Reputation: 3013
I am trying to write a Spark streaming app, using Scala, which is supposed to read the Twitter feed every second, following the instructions provided here.
My code is:
import org.apache.spark._
import org.apache.spark.SparkContext._
import org.apache.spark.streaming._
import org.apache.spark.streaming.twitter._
import org.apache.spark.streaming.StreamingContext._
import TutorialHelper._
object Tutorial {
def main(args: Array[String]) {
// Checkpoint directory
val checkpointDir = TutorialHelper.getCheckpointDirectory()
// Configure Twitter credentials
val apiKey = "blabla"
val apiSecret = "blabla"
val accessToken = "blabla"
val accessTokenSecret = "blabla"
TutorialHelper.configureTwitterCredentials(apiKey, apiSecret, accessToken, accessTokenSecret)
val ssc = new StreamingContext(new SparkConf(), Seconds(1))
val tweets = TwitterUtils.createStream(ssc, None)
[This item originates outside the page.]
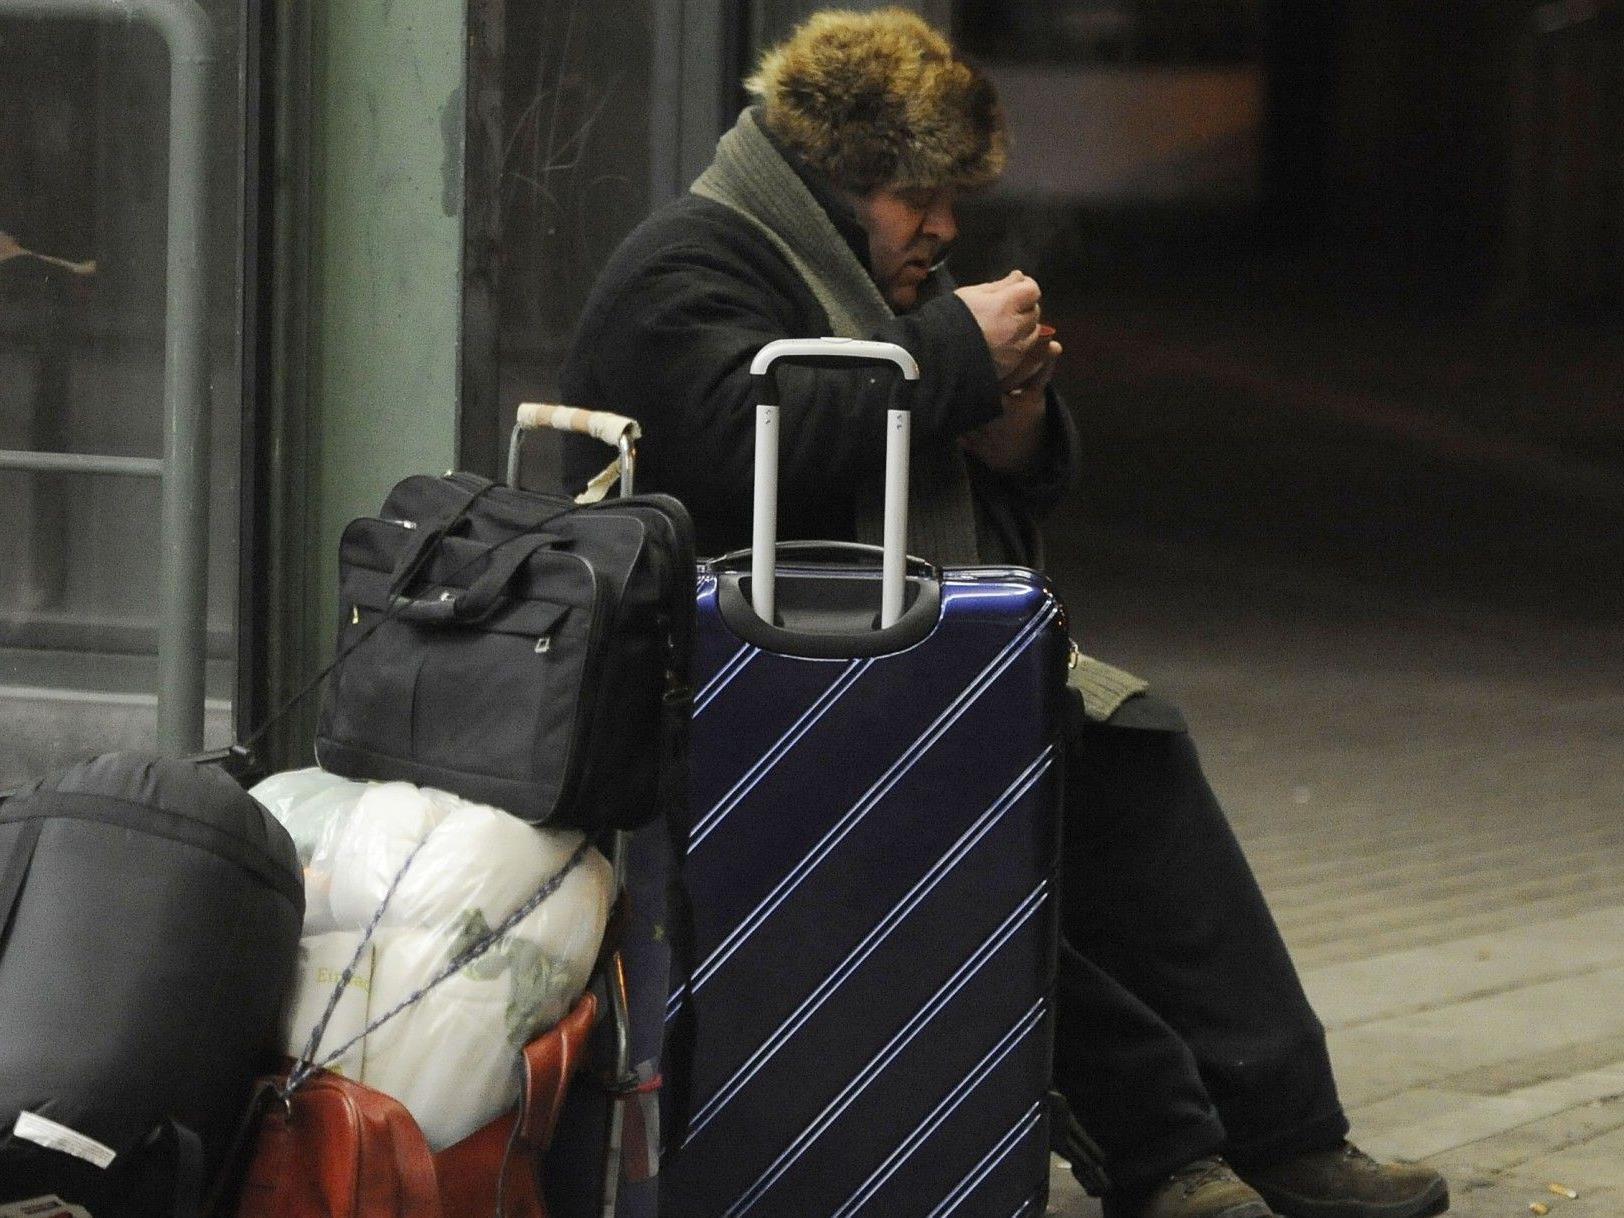 Kältetelefon der Caritas Wien hilft obdachlosen Menschen

val statuses = tweets.map(status => status.getText())
statuses.print()
ssc.checkpoint(checkpointDir)
ssc.start()
ssc.awaitTermination()
}
}
When I try to execute, using spark-submit I get the following log:
Configuring Twitter OAuth
Property twitter4j.oauth.consumerKey set as [blabla]
Property twitter4j.oauth.accessToken set as [blabla]
Property twitter4j.oauth.consumerSecret set as [blabla]
Property twitter4j.oauth.accessTokenSecret set as [blabla]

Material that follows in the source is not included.